(Task to carry out) Repeat the lines from the line with "Táche pistachio milk" to the line with "Popular PU foam" in the listing below, keeping both end lines and adding nothing.

(Records to process)

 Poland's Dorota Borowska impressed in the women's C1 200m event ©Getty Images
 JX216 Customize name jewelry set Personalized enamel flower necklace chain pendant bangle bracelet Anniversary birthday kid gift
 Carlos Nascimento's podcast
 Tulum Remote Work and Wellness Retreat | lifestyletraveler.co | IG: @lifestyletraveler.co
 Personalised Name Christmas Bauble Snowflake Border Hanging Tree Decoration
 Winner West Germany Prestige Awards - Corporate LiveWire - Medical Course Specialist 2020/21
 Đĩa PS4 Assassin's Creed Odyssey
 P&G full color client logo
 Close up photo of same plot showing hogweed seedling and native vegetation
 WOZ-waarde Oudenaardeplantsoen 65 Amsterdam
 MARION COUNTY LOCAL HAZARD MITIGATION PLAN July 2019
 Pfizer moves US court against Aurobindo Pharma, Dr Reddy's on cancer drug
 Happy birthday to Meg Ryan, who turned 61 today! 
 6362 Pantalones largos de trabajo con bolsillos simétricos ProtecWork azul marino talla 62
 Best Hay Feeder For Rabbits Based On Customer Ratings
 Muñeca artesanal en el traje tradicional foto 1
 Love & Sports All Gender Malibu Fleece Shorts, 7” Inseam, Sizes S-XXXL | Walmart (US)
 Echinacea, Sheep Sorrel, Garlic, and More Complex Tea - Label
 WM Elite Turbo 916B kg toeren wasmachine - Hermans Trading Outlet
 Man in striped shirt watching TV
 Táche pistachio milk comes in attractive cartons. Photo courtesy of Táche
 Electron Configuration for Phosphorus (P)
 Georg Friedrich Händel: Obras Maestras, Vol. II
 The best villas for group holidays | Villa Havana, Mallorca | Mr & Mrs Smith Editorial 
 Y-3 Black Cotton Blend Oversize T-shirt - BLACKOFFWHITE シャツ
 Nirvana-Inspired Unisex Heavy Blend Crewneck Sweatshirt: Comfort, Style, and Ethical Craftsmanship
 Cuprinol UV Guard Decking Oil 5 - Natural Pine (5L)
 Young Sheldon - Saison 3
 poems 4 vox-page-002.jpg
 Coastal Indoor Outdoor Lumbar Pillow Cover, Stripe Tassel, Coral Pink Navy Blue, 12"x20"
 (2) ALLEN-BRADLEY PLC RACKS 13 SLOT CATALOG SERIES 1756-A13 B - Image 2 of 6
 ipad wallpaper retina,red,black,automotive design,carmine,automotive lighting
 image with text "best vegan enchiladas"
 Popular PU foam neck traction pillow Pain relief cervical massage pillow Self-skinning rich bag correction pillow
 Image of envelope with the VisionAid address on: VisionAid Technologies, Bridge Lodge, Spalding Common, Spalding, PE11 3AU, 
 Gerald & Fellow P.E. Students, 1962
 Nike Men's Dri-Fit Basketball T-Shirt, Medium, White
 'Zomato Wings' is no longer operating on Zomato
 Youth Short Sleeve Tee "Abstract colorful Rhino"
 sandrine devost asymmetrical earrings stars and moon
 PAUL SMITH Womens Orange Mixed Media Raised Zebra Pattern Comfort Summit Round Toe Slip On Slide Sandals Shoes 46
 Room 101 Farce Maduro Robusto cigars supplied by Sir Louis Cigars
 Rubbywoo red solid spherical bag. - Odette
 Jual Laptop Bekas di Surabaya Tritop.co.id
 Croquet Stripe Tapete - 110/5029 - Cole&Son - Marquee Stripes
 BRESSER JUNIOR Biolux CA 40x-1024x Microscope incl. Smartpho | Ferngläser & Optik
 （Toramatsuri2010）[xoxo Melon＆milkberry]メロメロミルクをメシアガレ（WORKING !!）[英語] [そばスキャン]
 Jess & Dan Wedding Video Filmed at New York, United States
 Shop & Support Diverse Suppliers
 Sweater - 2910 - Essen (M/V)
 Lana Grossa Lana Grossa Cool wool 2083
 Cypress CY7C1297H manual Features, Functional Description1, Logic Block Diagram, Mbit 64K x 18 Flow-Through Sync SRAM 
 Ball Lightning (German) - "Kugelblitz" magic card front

(Solution to the problem)
 Táche pistachio milk comes in attractive cartons. Photo courtesy of Táche
 Electron Configuration for Phosphorus (P)
 Georg Friedrich Händel: Obras Maestras, Vol. II
 The best villas for group holidays | Villa Havana, Mallorca | Mr & Mrs Smith Editorial 
 Y-3 Black Cotton Blend Oversize T-shirt - BLACKOFFWHITE シャツ
 Nirvana-Inspired Unisex Heavy Blend Crewneck Sweatshirt: Comfort, Style, and Ethical Craftsmanship
 Cuprinol UV Guard Decking Oil 5 - Natural Pine (5L)
 Young Sheldon - Saison 3
 poems 4 vox-page-002.jpg
 Coastal Indoor Outdoor Lumbar Pillow Cover, Stripe Tassel, Coral Pink Navy Blue, 12"x20"
 (2) ALLEN-BRADLEY PLC RACKS 13 SLOT CATALOG SERIES 1756-A13 B - Image 2 of 6
 ipad wallpaper retina,red,black,automotive design,carmine,automotive lighting
 image with text "best vegan enchiladas"
 Popular PU foam neck traction pillow Pain relief cervical massage pillow Self-skinning rich bag correction pillow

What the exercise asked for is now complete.